Little stands between most wrecks and oblivion. The Air Force washed its hands of the majority of its crashes when a fire destroyed the titles to all aircraft wrecked before 1961. “After that, the Air Force decided any wreckage sites from before that date would be considered formally abandoned,” explains Brad Smith, who heads the Air Force’s disposal and donation program, located at Wright-Patterson Air Force Base in Dayton, Ohio. Anyone wanting anything from a pre-’61 wreck needs only the permission of whoever owns the land where the wreck resides. As for post-1961 wrecks, Smith’s office reviews salvage requests on a case-by-case basis.
The Navy takes a much more proprietary view of its wrecked craft. “The Navy basically considers all wrecks—both ships and airplanes—to be its property forever,” says Wendy Coble, a Naval archaeologist in Washington, D.C. The Navy takes a dim view of salvagers, she says, because wreck sites often are the last resting places for their crews. (Most everyone who has visited a fair share of sites has come across human remains.) The Navy’s policy is also based on the danger of unexploded ordnance. Then there’s the fact that the aircraft were purchased with taxpayer money: “They should belong to everyone,” Coble says. Some salvagers disagree with the “keep off” policy, pointing out that the Navy itself does not salvage many of its wrecks and thus risks losing valuable artifacts to neglect and exposure (see “Whose Planes Are They Anyway?” Oct./Nov. 1998).

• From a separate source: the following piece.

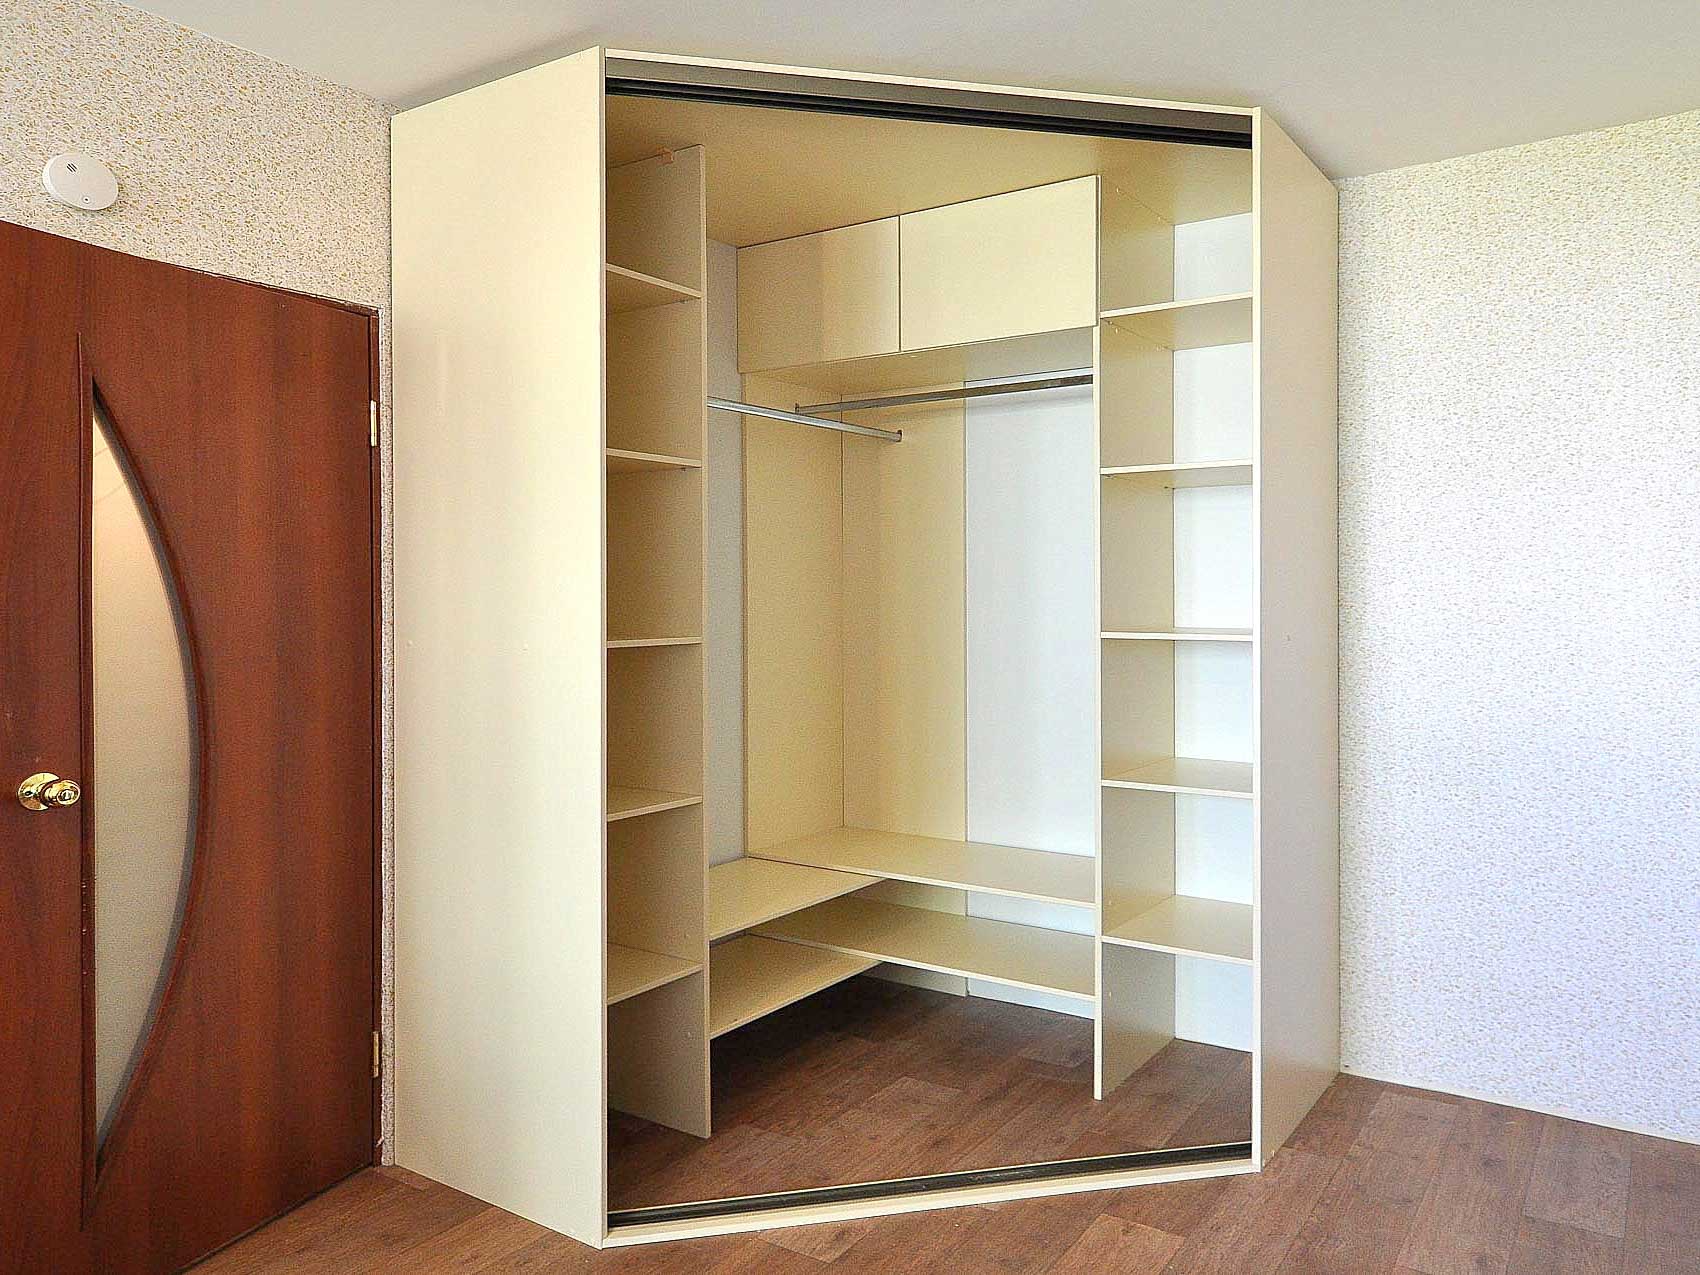 Угловая гардеробная — лучший вариант мебели для небольшой квартиры

Even though people may have died at them, most wreck sites aren’t considered significant historically, so they are offered no protection under the National Historical Register. The only recognition such sites will ever receive comes from the wreck chasers themselves, some of whom have erected simple memorials. Jim Fusco put one up last year at a site in southeastern Arizona where in 1943 a B-24 exploded in mid-air while being ferried from Texas to Arizona. The Army Air Forces removed the large pieces of the bomber, but small bits are still scattered over the area like shells on a beach. In the middle of the debris field stands a simple aluminum cross listing the aircraft type, the date of the explosion, and the names of the four crew members who died in it. The cross is hidden by thick creosote and ocotillo and set back from the nearby freeway. I ask Fusco why he installed a monument that so few will ever see. “I just felt like I needed to give something back,” he says.